79 readers like this.
Poll: Upcoming open source conferences

by Dafne Cholet. CC BY-SA 2.0.

 

Python has incredibly scalable options for exploring data. With Pandas or Dask, you can scale Jupyter up to big data. But what about small data? Personal data? Private data?

JupyterLab and Jupyter Notebook provide a great environment to scrutinize my laptop-based life.

My exploration is powered by the fact that almost every service I use has a web application programming interface (API). I use many such services: a to-do list, a time tracker, a habit tracker, and more. But there is one that almost everyone uses: a calendar. The same ideas can be applied to other services, but calendars have one cool feature: an open standard that almost all web calendars support: CalDAV.

Parsing your calendar with Python in Jupyter

Most calendars provide a way to export into the CalDAV format. You may need some authentication for accessing this private data. Following your service's instructions should do the trick. How you get the credentials depends on your service, but eventually, you should be able to store them in a file. I store mine in my root directory in a file called .caldav:

import os
with open(os.path.expanduser("~/.caldav")) as fpin:
    username, password = fpin.read().split()

Never put usernames and passwords directly in notebooks! They could easily leak with a stray git push.

The next step is to use the convenient PyPI caldav library. I looked up the CalDAV server for my email service (yours may be different):

import caldav
client = caldav.DAVClient(url="https://caldav.fastmail.com/dav/", username=username, password=password)
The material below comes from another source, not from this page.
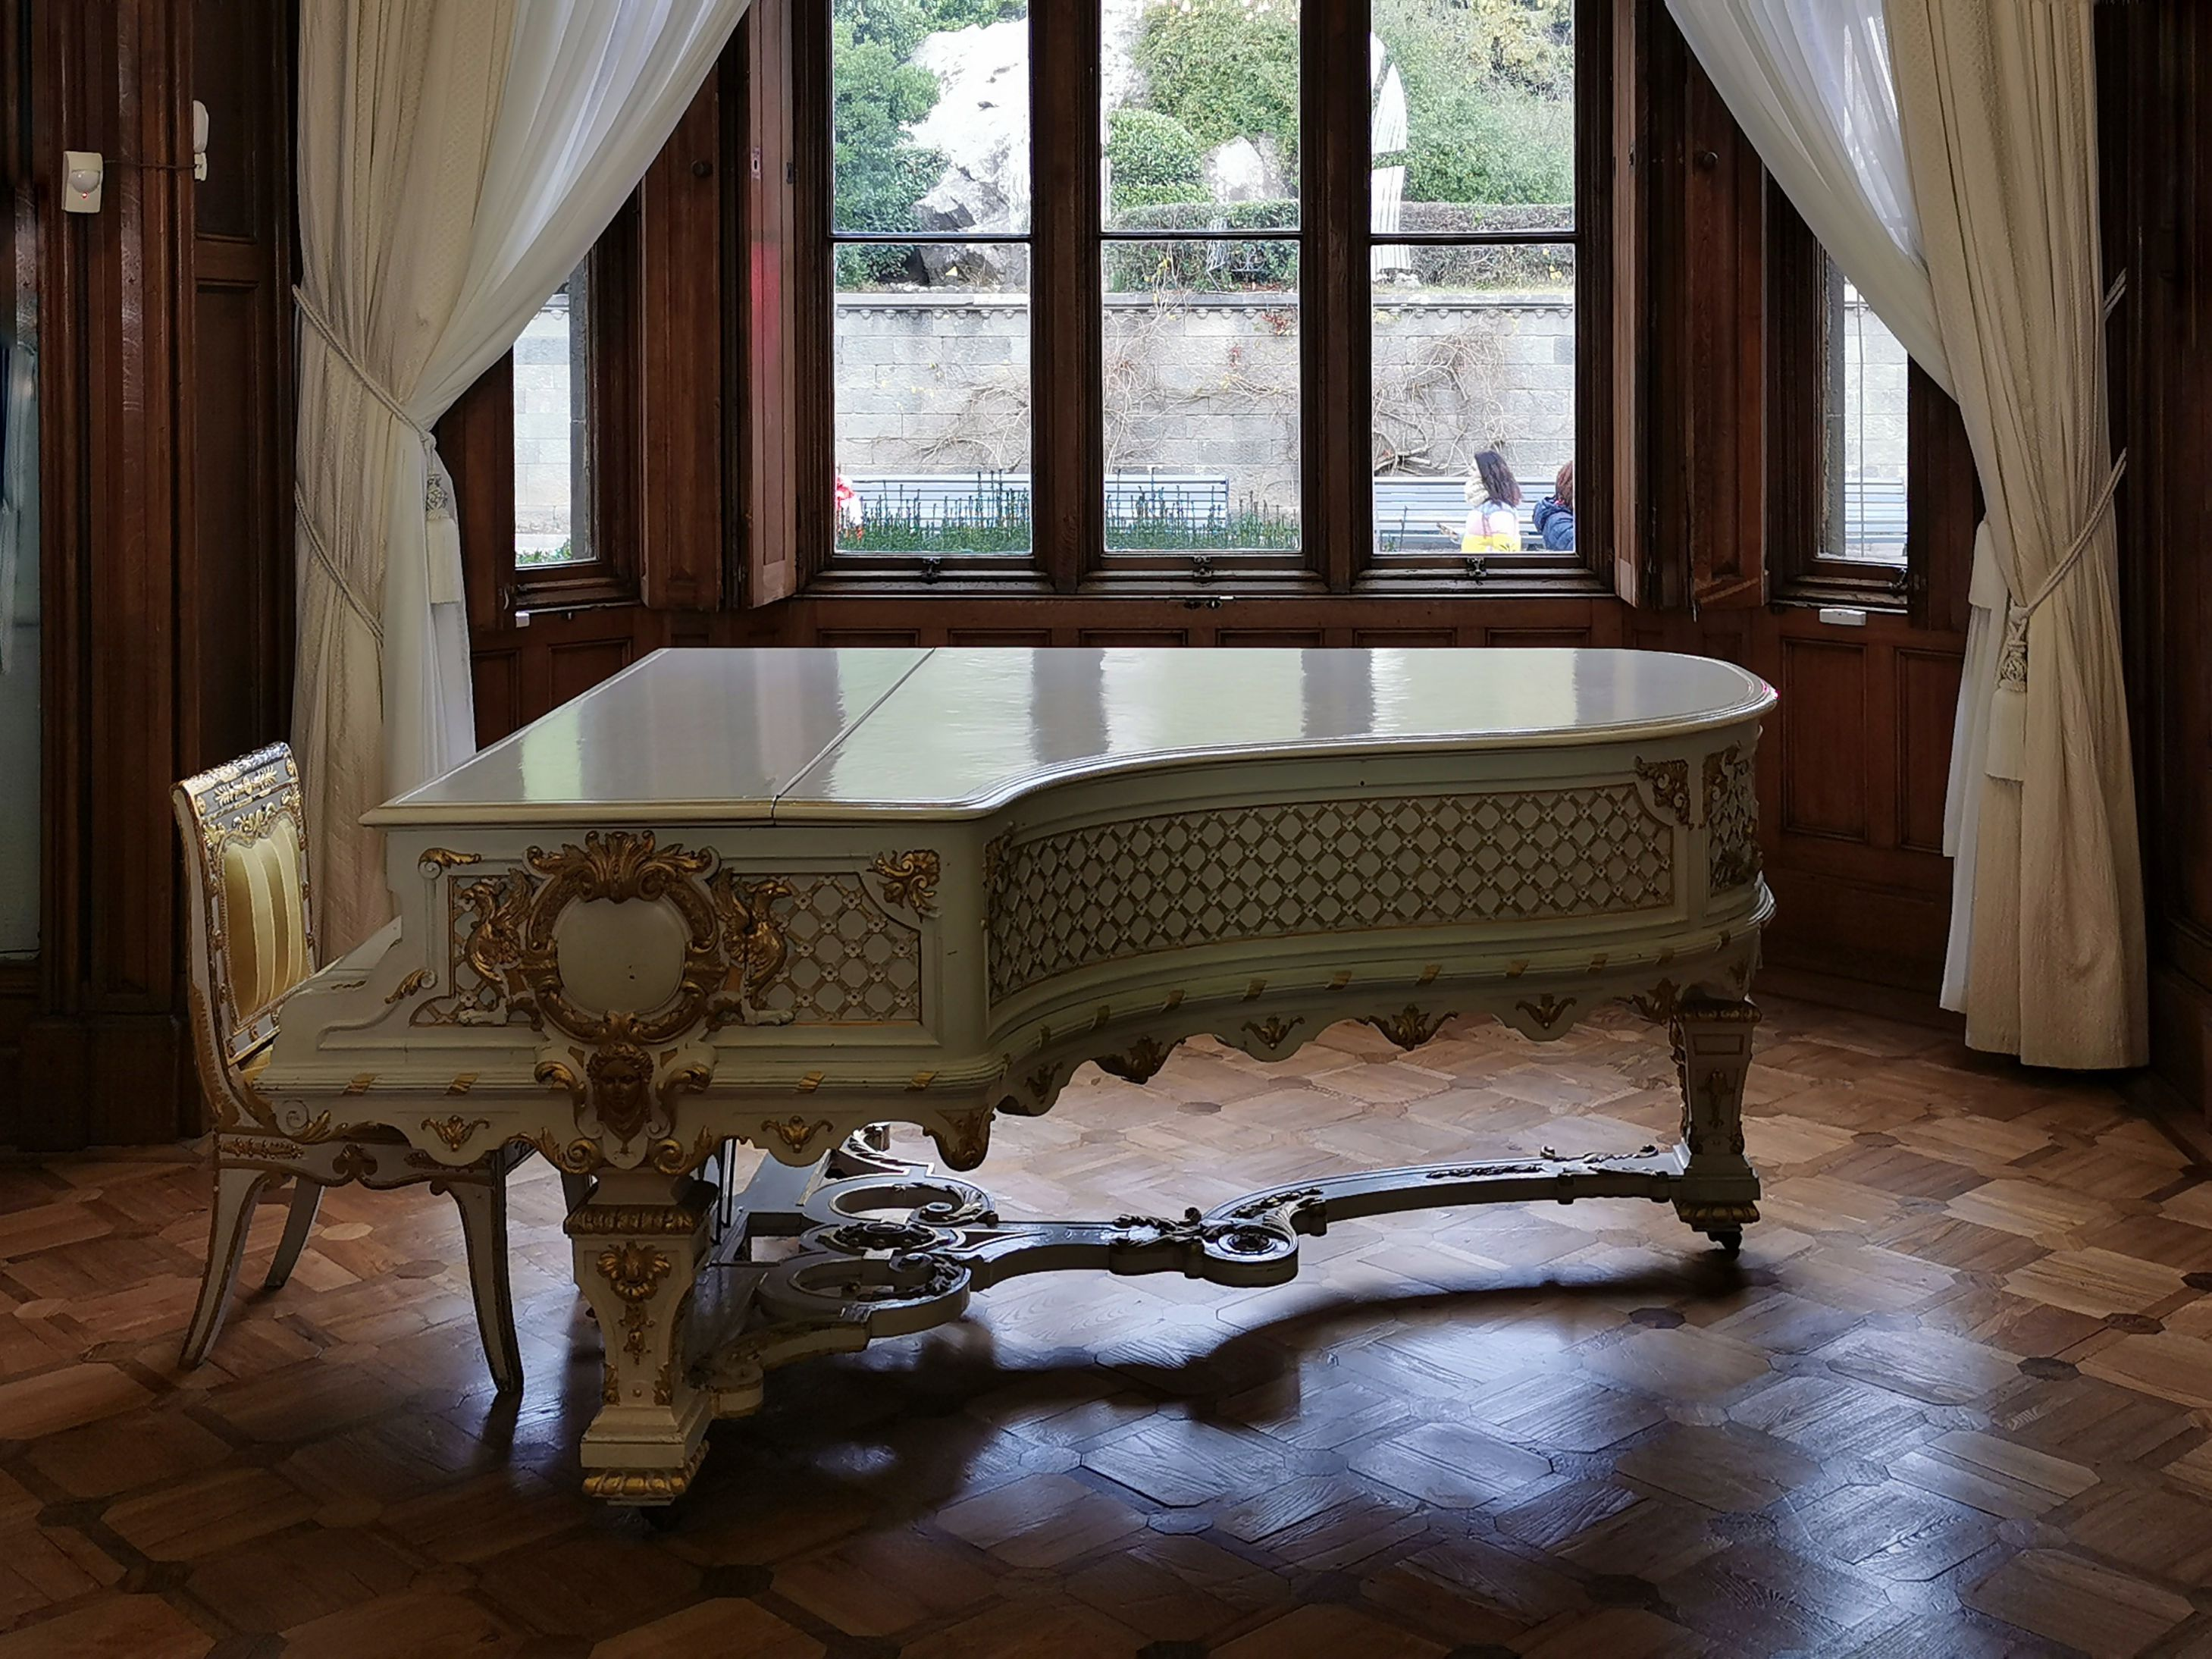 muzej-vorontsovkij-dvorez

CalDAV has a concept called the principal. It is not important to get into right now, except to know it's the thing you use to access the calendars:

principal = client.principal()
calendars = principal.calendars()

Calendars are, literally, all about time. Before accessing events, you need to decide on a time range. One week should be a good default:

from dateutil import tz
import datetime
now = datetime.datetime.now(tz.tzutc())
since = now - datetime.timedelta(days=7)

Most people use more than one calendar, and most people want all their events together. The itertools.chain.from_iterable makes this straightforward:

import itertools

raw_events = list(
    itertools.chain.from_iterable(
        calendar.date_search(start=since, end=now, expand=True) 
        for calendar in calendars
    )
)

Reading all the events into memory is important, and doing so in the API's raw, native format is an important practice. This means that when fine-tuning the parsing, analyzing, and displaying code, there is no need to go back to the API service to refresh the data.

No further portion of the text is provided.